Tuesday, December 8, 2009

On the fly OCR, Click-Entry and Rubber-band OCR

If you were to put the degrees of automation on a scale, you would first have no automation, semi-automation, and the varying degrees of full automation which is dependent on system accuracy. No automation is of course manual entry of documents that enter an organization, full-automation is an attempt to collect all data automatically from the document and only using manual labor when required for exceptions and quality assurance steps. The degree of automation here is dependent on accuracy, the lower the accuracy the more there will be exceptions and more documents in quality assurance.

Semi-automated data capture and OCR is not much thought about. The primary reason for this is because when document automation technology was introduced people wanted to go full force. It was a combination of poor market education and grand dreams. Semi-automated is an intermediary step where the operator will see every image, but their time spent per image is far less than manual entry. It allows organizations to start using the technology with less risk, more control, and lower cost. The challenge with the adoption of semi-automated data capture is that it's hard to change from or upgrade. Some packages out there allow you a seamless integration into full-automation, but you are stuck with a solution. Now that you know what it is, how does it work?

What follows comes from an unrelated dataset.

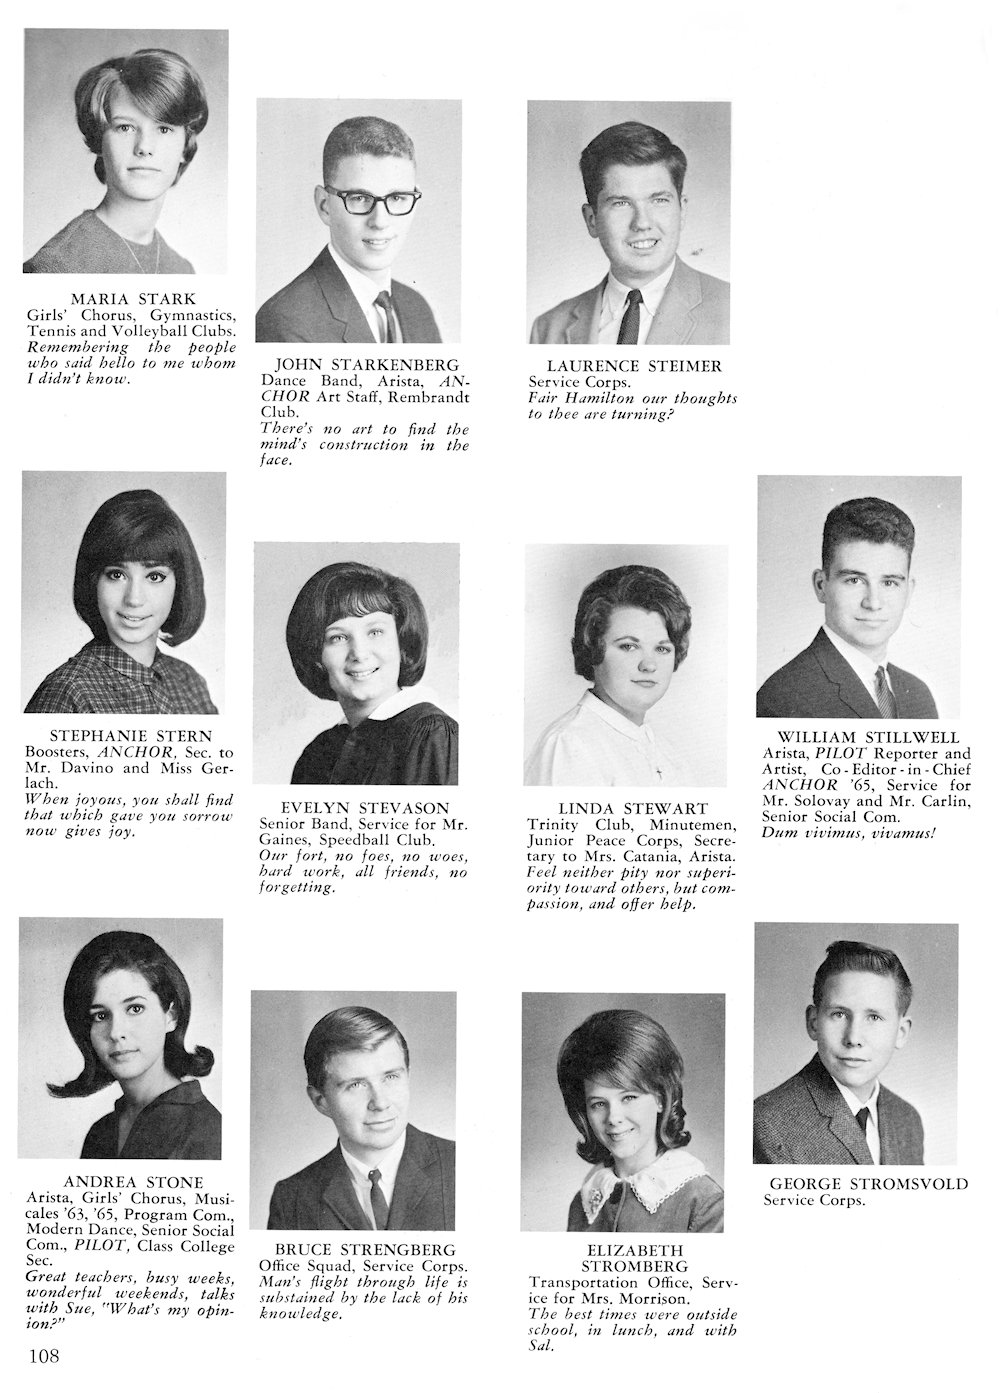 Stark-Stromsvold page from Fort Hamilton High School 1965

Semi-automated data capture is very basic. When an image is scanned it is displayed for the operator to see in as much real-estate as possible. If it's a click-entry solution then a full-page OCR read has already happened, if it's a rubber-band solution then it's just the image. In both scenarios an operator on some other portion of the screen has a field list, they go field by field locating information on the page. With click-entry since the OCR is already done they highlight the word or words on the document they want to populate in the field and they click. When they click the text is transferred to the next unpopulated field, In rubber-band OCR all the fields are rubber-banded in advance, a “read” button is clicked after the rubber-banding is done and then all text is populated into each field.

Semi-automated data capture is becoming more popular for organizations that are budget prohibited or scared from adopting full automation, and surprisingly companies that have adopted full automation but did not do it well. I very much believe in full document automation, but semi-automated data capture has a necessary place in the spectrum of document automation.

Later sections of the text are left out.